But if you have to build on proprietary and converters and data transformation services and things like this, we would never get out of that and that becomes a real kind of onerous process.
There’s definitely a cost to be paid but, ultimately, if you think big picture, having machine readable data – that really is the answer. There’s no doubt that the phase is gone where humans can deal with data at the level that we are at, not only with volume, but also the pace with which it’s created.
Ledge: That’s interesting. So it’s incumbent upon the provider to provide it in a machine readable context and form that would allow other people to consume it. Even if they’re not following a standard, they are, in fact, following a standard, at least at JSON or something that can be consumed at scale.
Let me shift gears.

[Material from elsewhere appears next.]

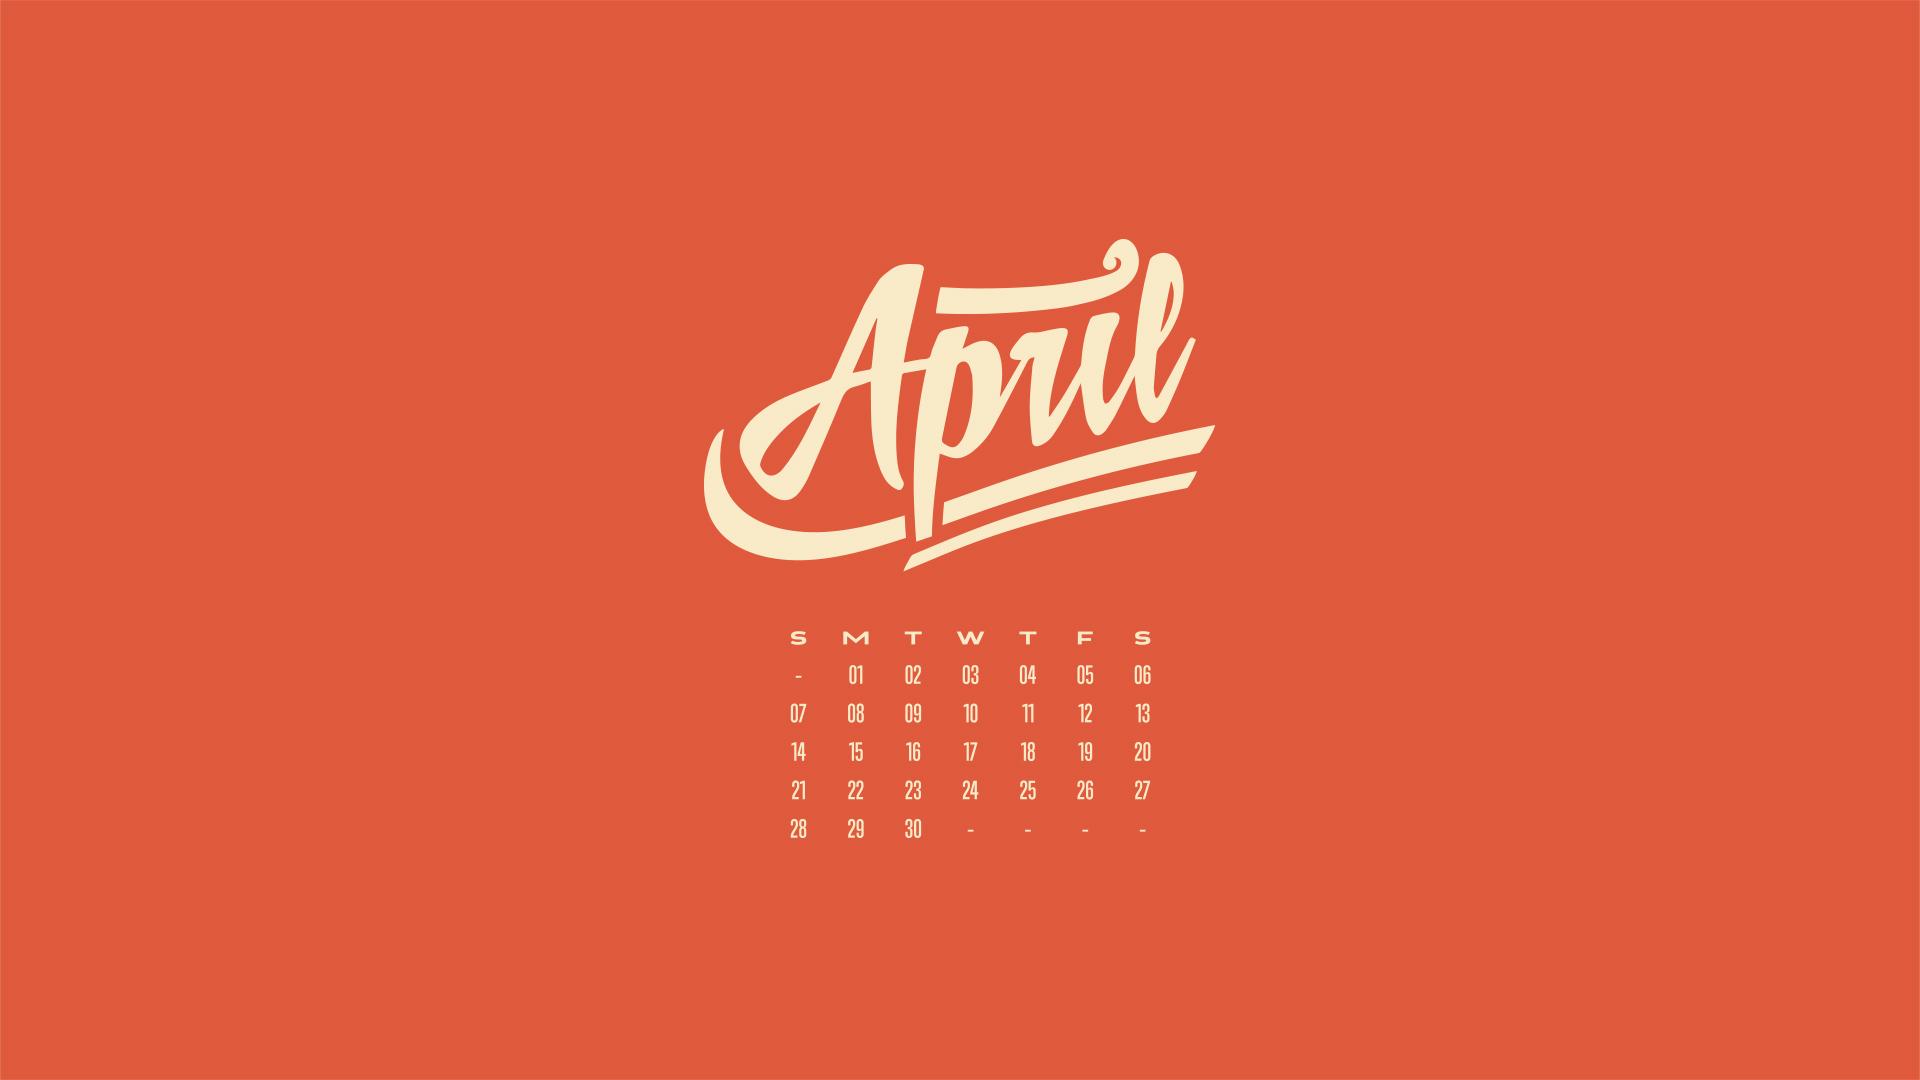 April 2013 Desktop Calendar Wallpaper Paper Leaf Design 1920x1080

I like to ask all our guests, “How do you evaluate what makes someone a really excellent senior software engineer? What are heuristics necessary to be a high-performing engineer in the current market context?”
Jim: That’s a really good question. I’m a big believer in what I think are fundamental characteristics regardless of what specific function you’re doing. In a world of soft architecture, I think being curious is really important because it’s very easy to kind of drink your own Kool Aid and think what worked five years ago is going to work now.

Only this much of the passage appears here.